A Black-Hole Excision Scheme for General Relativistic Core-Collapse Supernova Simulations
PHYSICAL REVIEW D(2022)
Abstract
Fallback supernovae and the collapsar scenario for long-gamma ray burst and
hypernovae have received considerable interest as pathways to black-hole
formation and extreme transient events. Consistent simulations of these
scenarios require a general relativistic treatment and need to deal
appropriately with the formation of a singularity. Free evolution schemes for
the Einstein equations can handle the formation of black holes by means of
excision or puncture schemes.
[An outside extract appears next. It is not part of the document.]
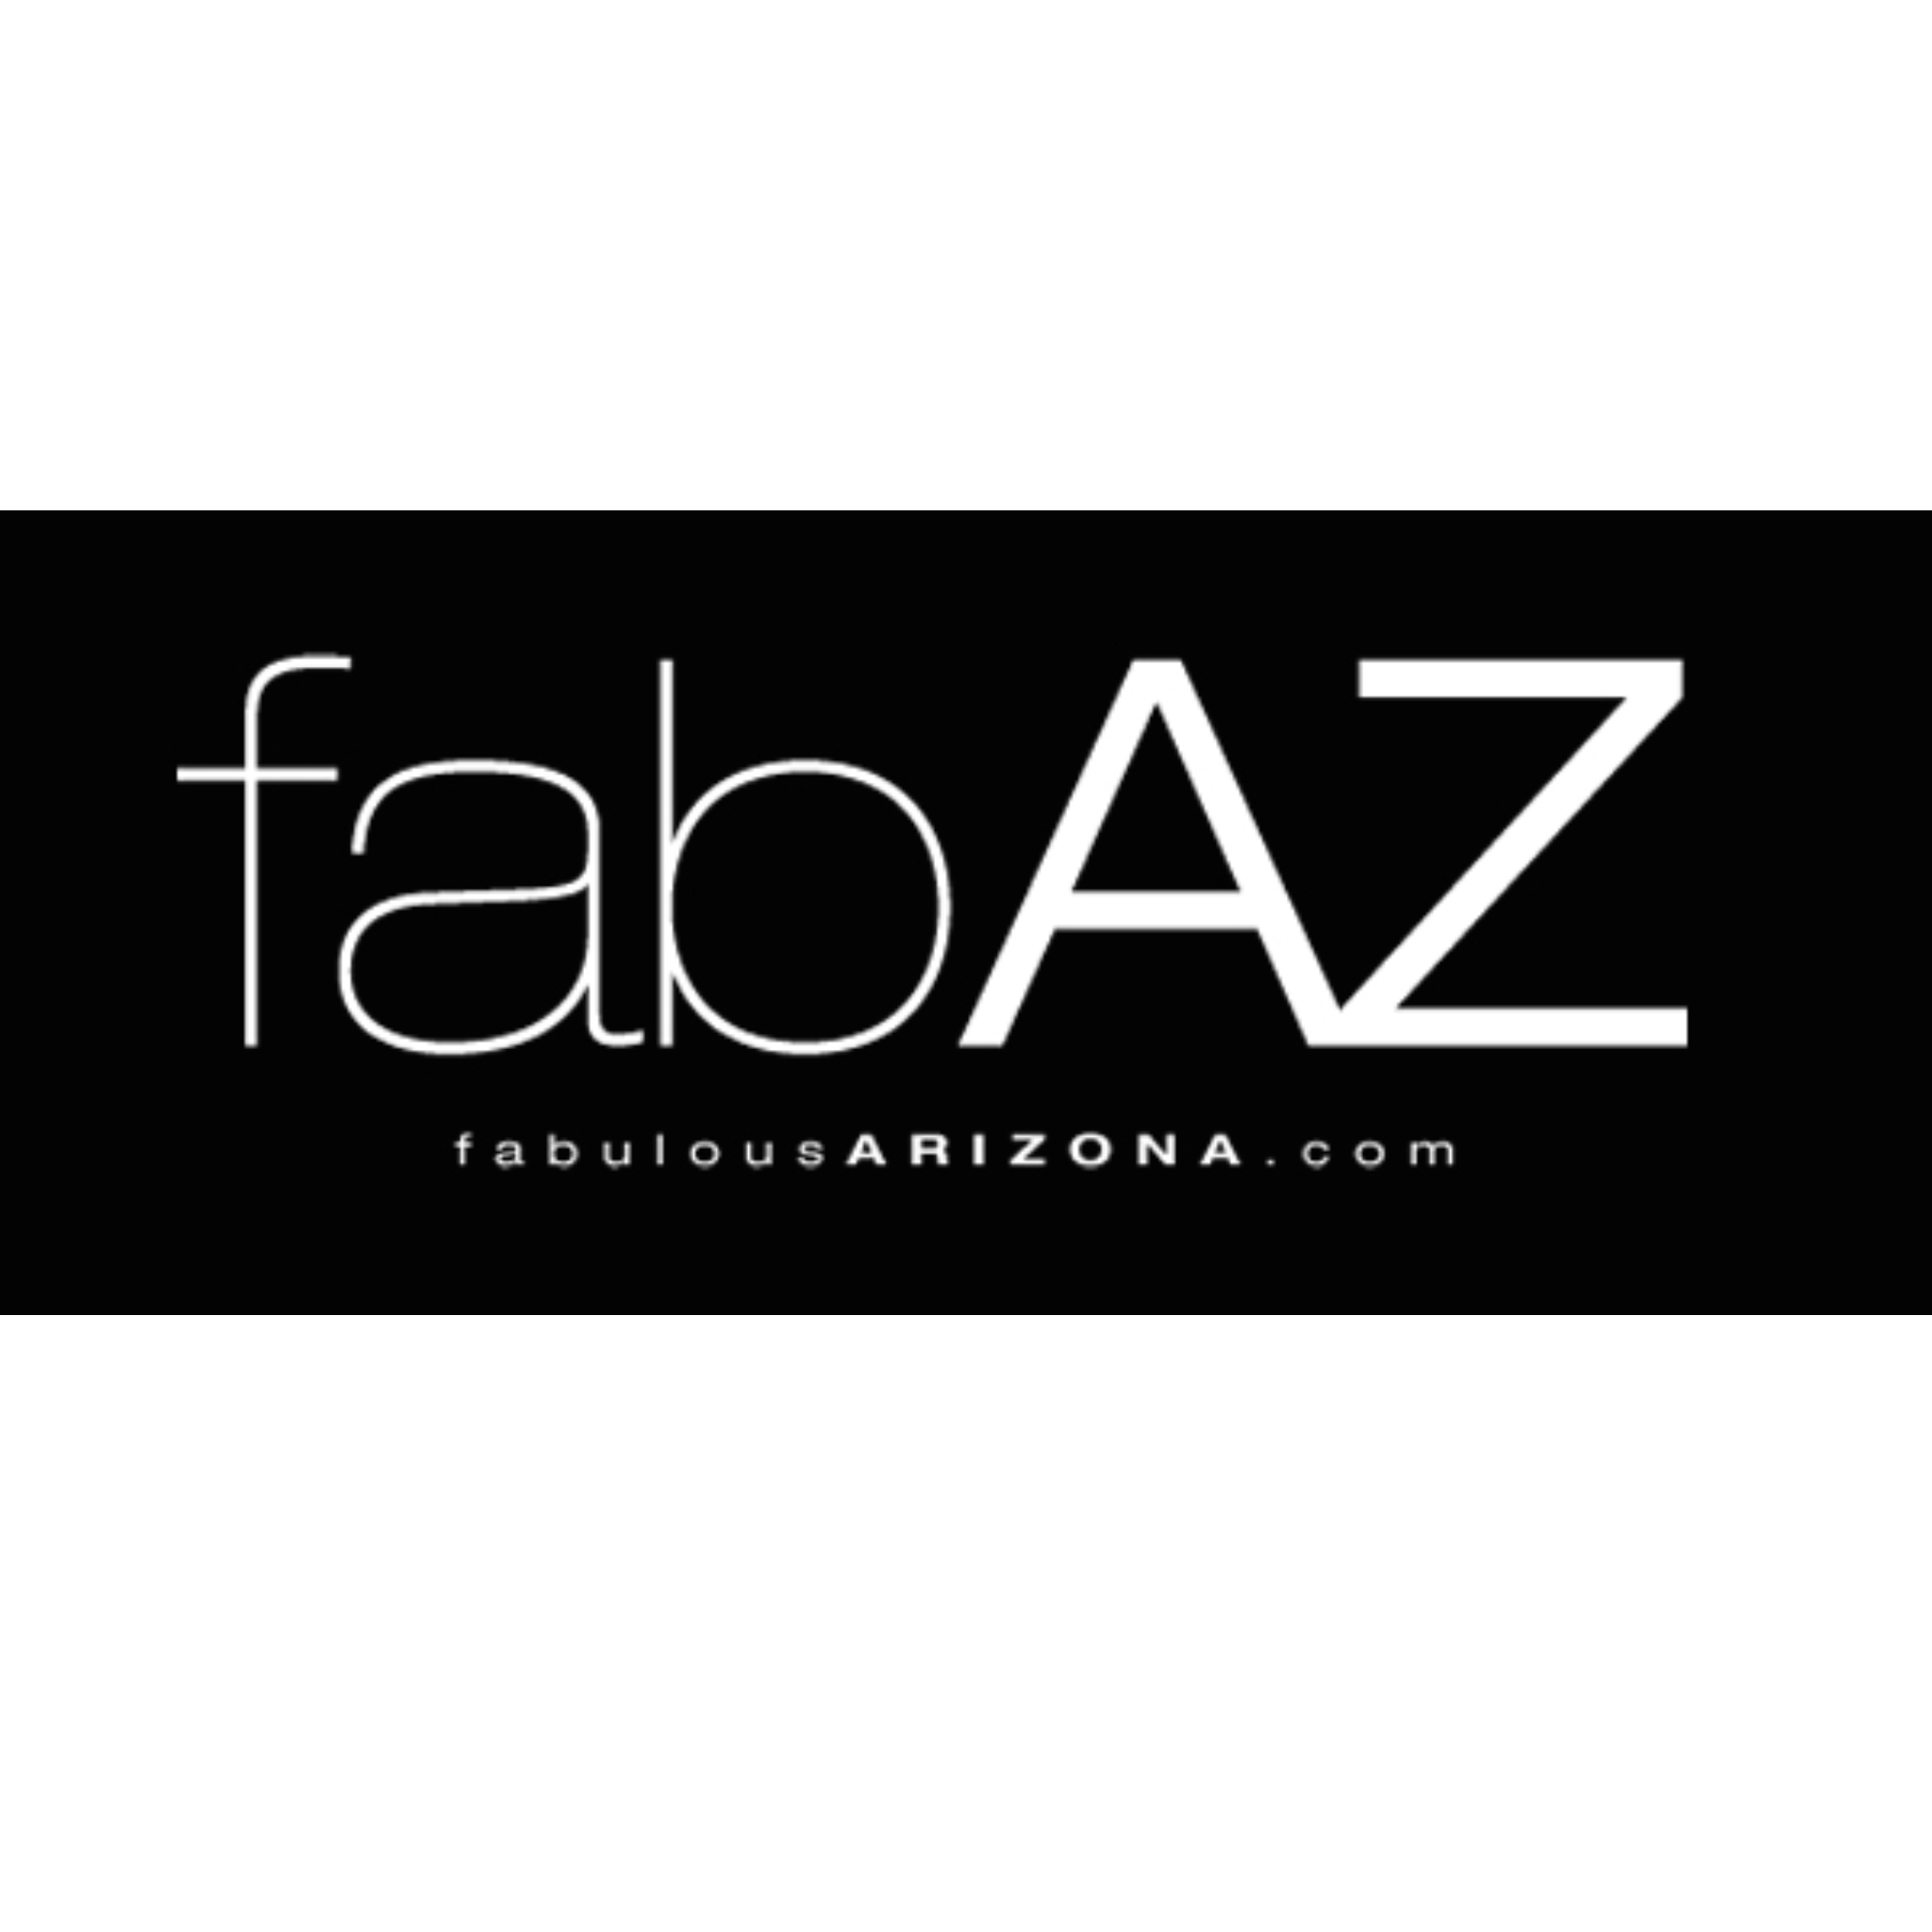 https://fabulousarizona.com/arizona-best/arizonas-flourishing-rose-industry/
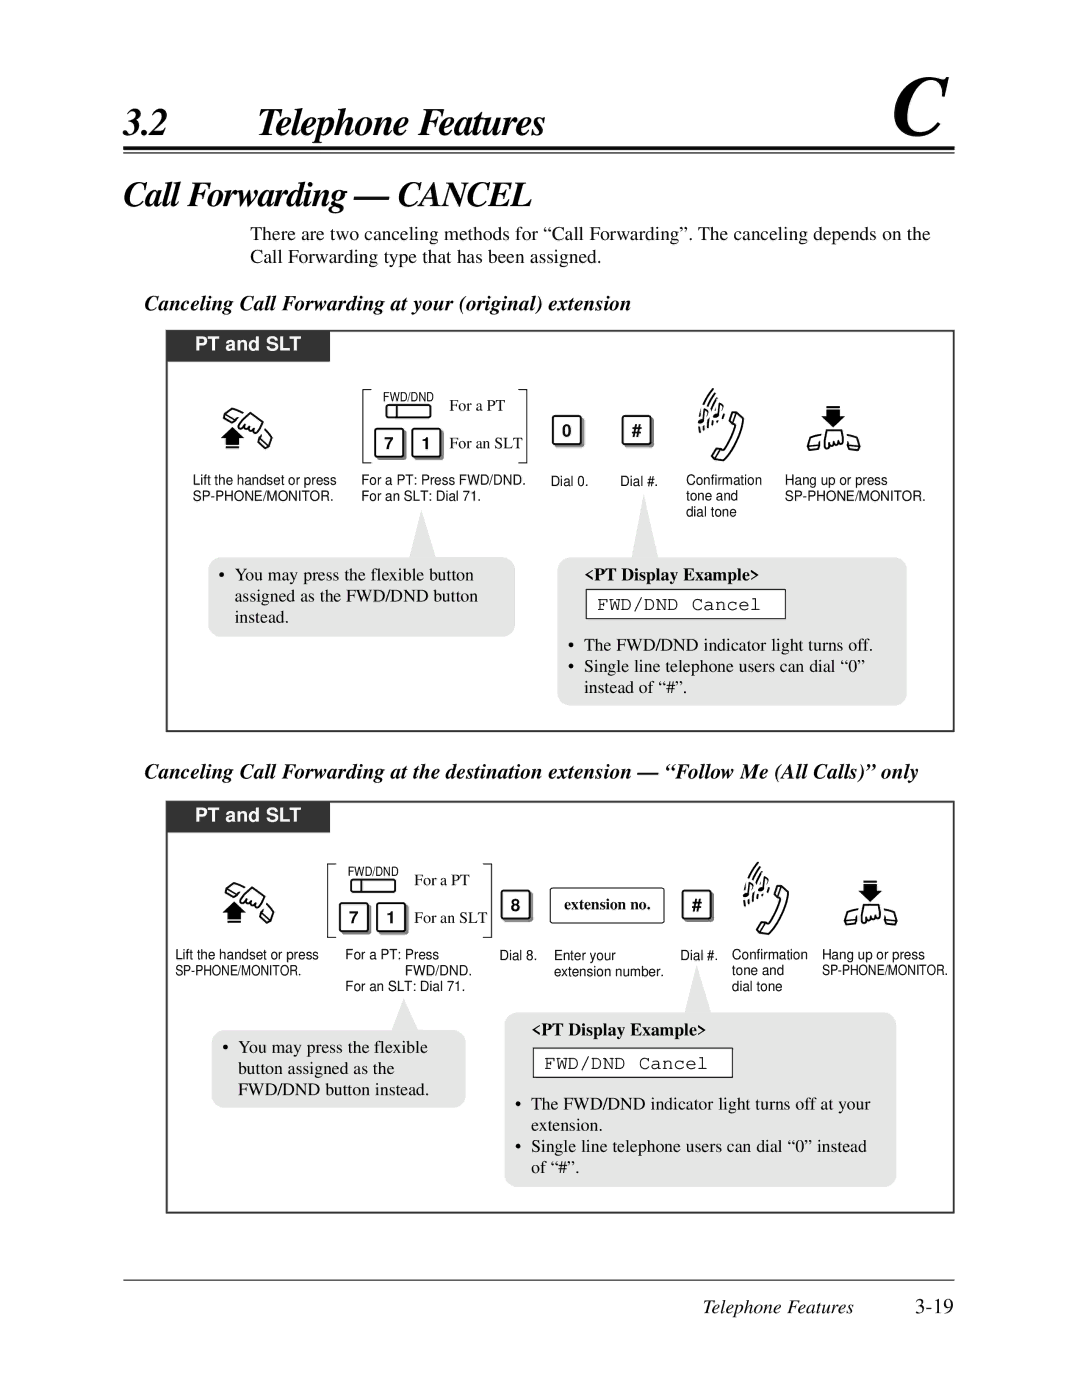 Panasonic KX-TA624 user manual Call Forwarding Cancel, Canceling Call Forwarding at your original extension, FWD/DND Cancel

However, in constrained schemes, which offer
distinct advantages in long-term numerical stability in stellar collapse
simulations over well above 10^4 light-crossing time scales, the dynamical
treatment of black-hole spacetimes is more challenging. Building on previous
work on excision in conformally flat spacetimes, we here present the
implementation of a black-hole excision scheme for supernova simulations with
the CoCoNuT-FMT neutrino transport code. We describe in detail a choice of
boundary conditions that ensures long-time numerical stability, and also
address upgrades to the hydrodynamics solver that are required to stably evolve
the relativistic accretion flow onto the black hole. The scheme is currently
limited to a spherically symmetric metric, but the hydrodynamics can be treated
multi-dimensionally. For demonstration, we present a spherically symmetric
simulation of black-hole formation in an 85 M_⊙ star, as well as a
two-dimensional simulation of the fallback explosion of the same progenitor.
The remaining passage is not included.